YOUNG ART: TALENT IN AND OUT OUR BORDERS
May 20, 2020
art madrid
For the last decade, 'millennials' have become a trendy term and we heard often about the concerns of a new generation that has broken into the new millennium to address many of the challenges that the future has in store for us, with all its uncertainty and ambiguity. It is undeniable that any change, even if it generates a benefit, comes along with a time of transition in which the foundations and the structures that we believed to be immovable begin to crumble. The intrinsic evolution of these phenomena is linked to a sense of uneasiness that societies face from the collective support and from the need to open the debate on the concerns, as new and well-known, that marks our evolution and the fate of our time.
The new generation creators have made their way on the art scene, focusing part of their work on addressing topics that are intimately connected to the reality of the moment. It is the channel to subvert classicism, to make pieces that show commitment to the environment, to make their works a manifesto that transcends mere contemplation and becomes a form of plastic expression of a shared feeling.
In Art Madrid, we have been able to verify this growing movement of artists of the new millennium that are detached from prejudices and archetypes to focus on issues of enormous social impact that affect us all. The number of young creators has been increasing in the latest editions of the fair, and it is also remarkable that the paths of expression chosen by many of them are fueled by artistic hybridization, the fusion of techniques, exploration beyond the image, the search for a second reading.
Today we remember the work of some of these authors who have visited us at the 15th edition of the fair and we get closer to their work.
Among the artists who show a concern for the excessive consumerism of our time, the depletion of resources or the future of an alienated society, we highlight the case of Alejandro Monge (Zaragoza, 1988) and that of Chen Sheng-Wen (Taichung, Taiwan, 1993).
Monge's work has on many occasions sought irony about the tangible value of money and superfluous appreciation of material things, often with art installations that replicated stacks of bills in bank deposits or safes. His latest, more pictorial works show a dark side of global society, drowned in its energy production needs and in the polluted and aggressive atmosphere in which we live in large cities.

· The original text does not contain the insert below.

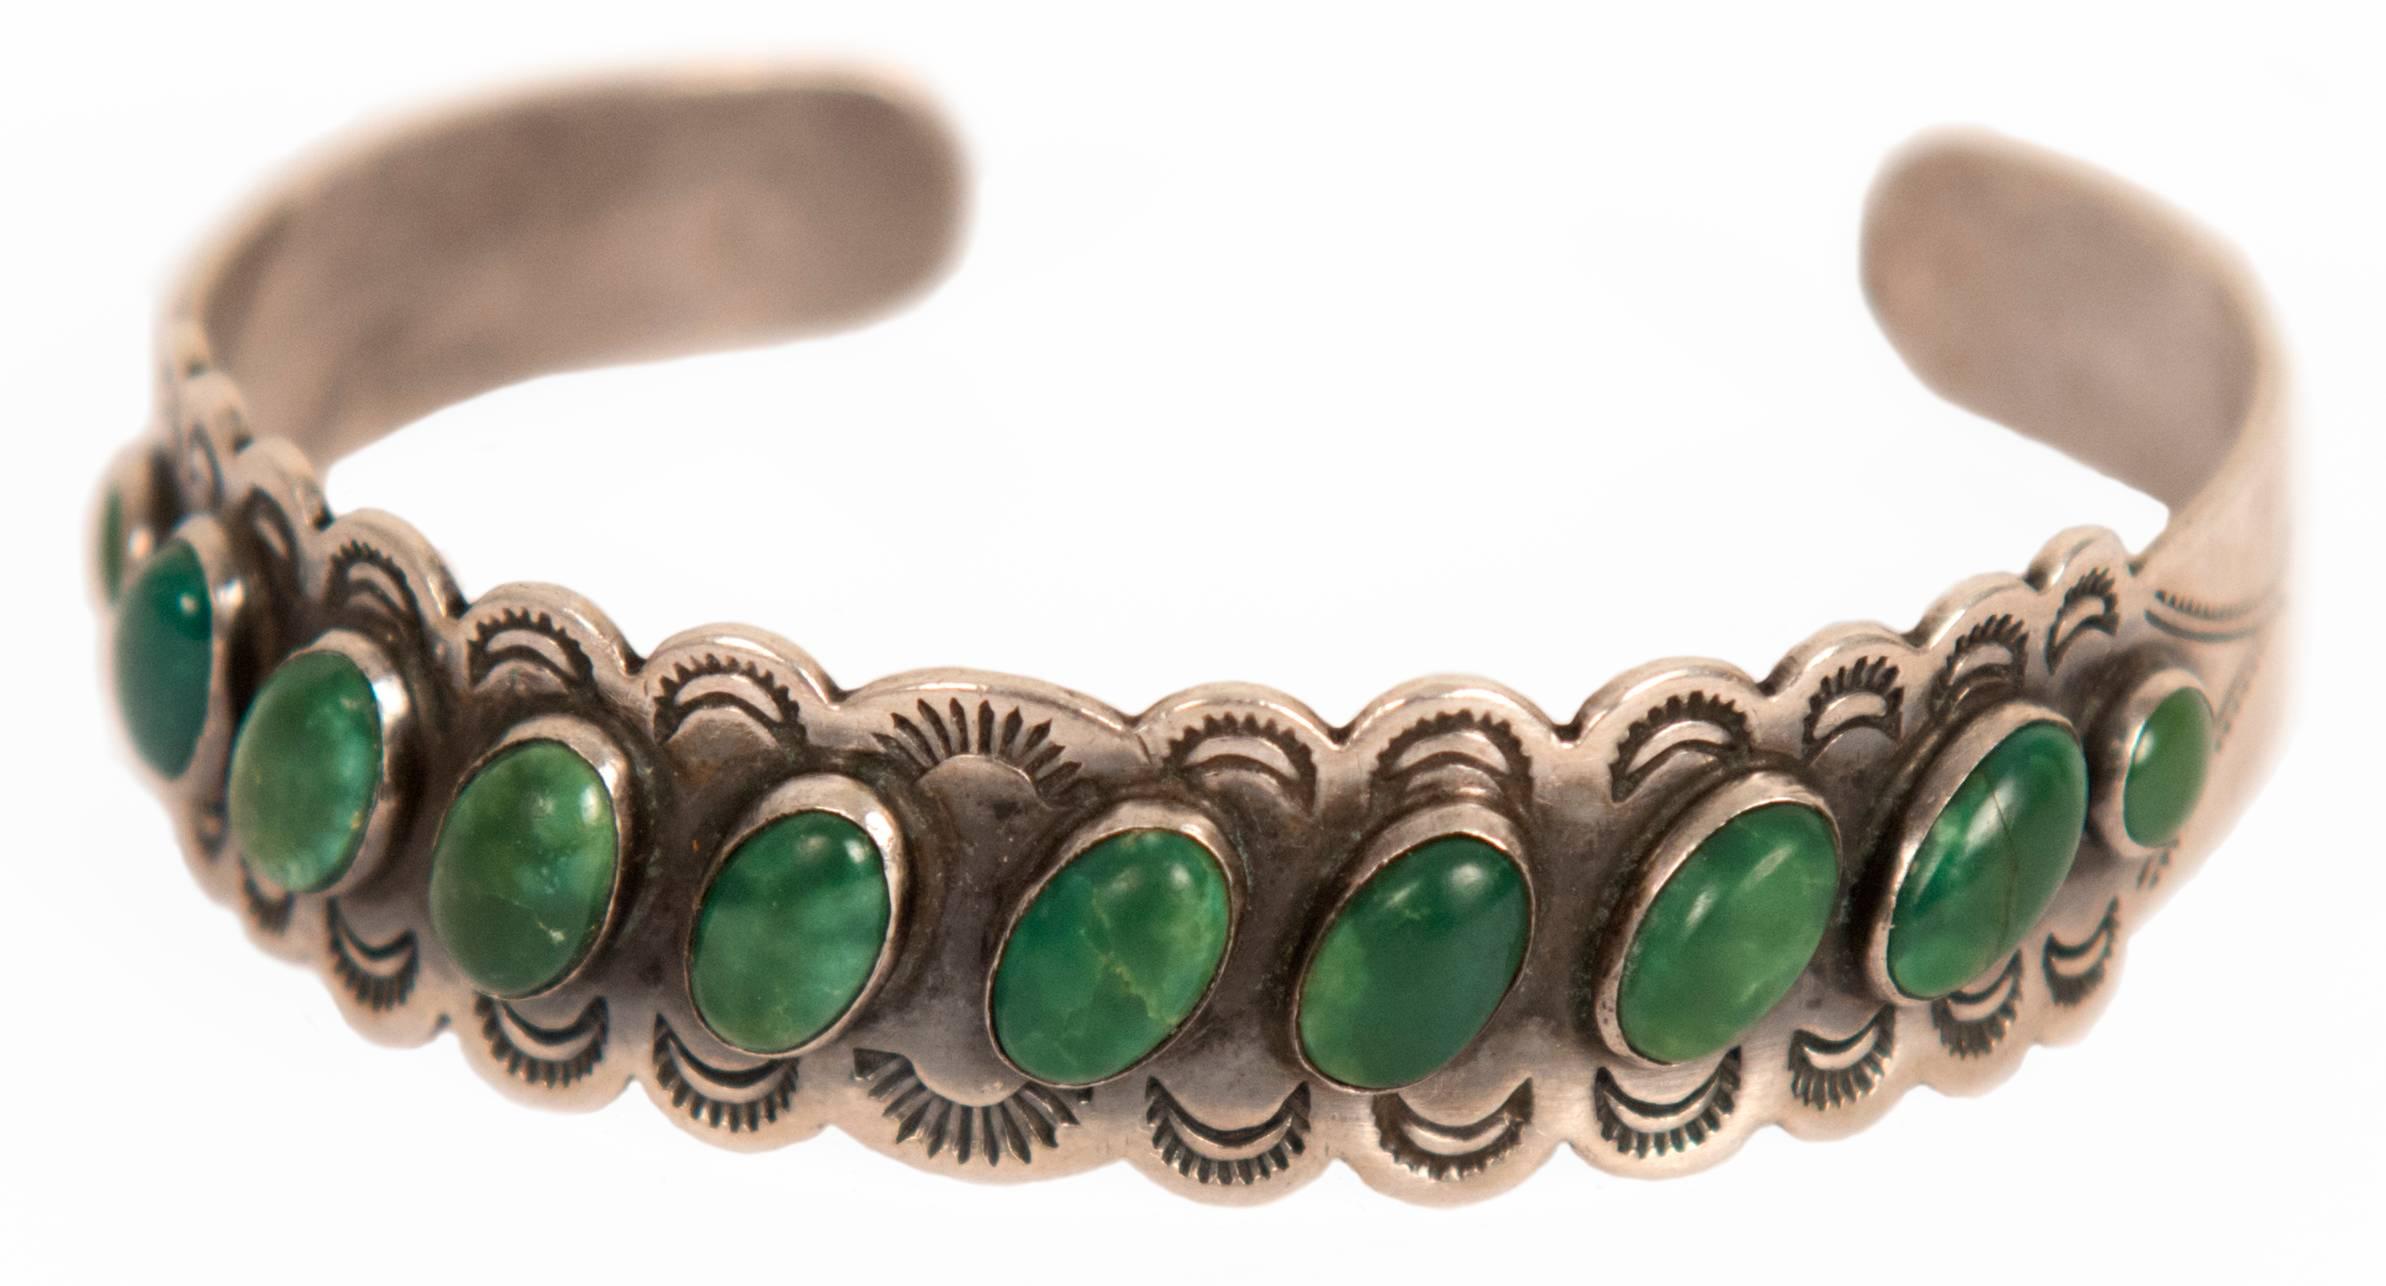 Nice silver Navajo bracelet, circa 1940.
Excellent condition.

For his part, Chen Sheng-Wen proposes a much more delicate hand-made work in which he represents the delicacy of nature and its need for care, reproducing with embroidery and mixed technique numerous animals from our immediate environment. Sheng-Wen's decision to use recycled materials, rescued from the forests usually inhabited by these beings, shows the lack of care for mankind and the degree of exposure to which these species are subjected.
Onay Rosquet (Havana, 1987) moves in a similar line with a work that transmits a great aesthetic balance but allows multiple readings. Their boxes of papers, sometimes folded, others wrinkled or stacked, make us think about the problems of lack of communication in the society of our time while posing the dilemma of the appropriate use of resources and the generation of waste with high environmental impact. Of these two ideas, the first is the main line of his discourse: the era of hyperconnectivity leads to the paradox of the lonely, abandoned individual, who has lost the ability to interact in a non-technological way. A simple glance at his pieces makes us think of the thousands of words that do not arrive, the things that are not said, the feelings that are repressed in a context dominated by the pretending of happiness and the fake of perfection.
Other creators emphasise social inequality. Nina Franco (Rio de Janeiro, 1988) tries to represent gender inequality and the harassment that many women suffer on a daily basis, especially in some patriarchal societies. Her work reflects a great concern for contemporary socio-political conflicts.
For his part, Adlane Samet (El Harrach, Algeria, 1989) treats inequality from the perspective of its immediate environment, raising the question of where certain societies are located on the global scene, in which there seem to be first-class and second-class countries. His work is visceral and colourful, and the impulse of the brush strokes itself externalises that authentic and pure vitality of the environments not contaminated by imported ideas.
We also highlight the work of Cristina Gamón (Valencia, 1987), an artist who explores the evolution of painting with the incorporation of new materials and the integration of plastics as support. Her works remind us of landscapes of arid zones, laboratory experiments or the iridescent drawings of oil on water. She aims to offer a contemporary painting with representative materials of our time, without losing the expressive force of colour.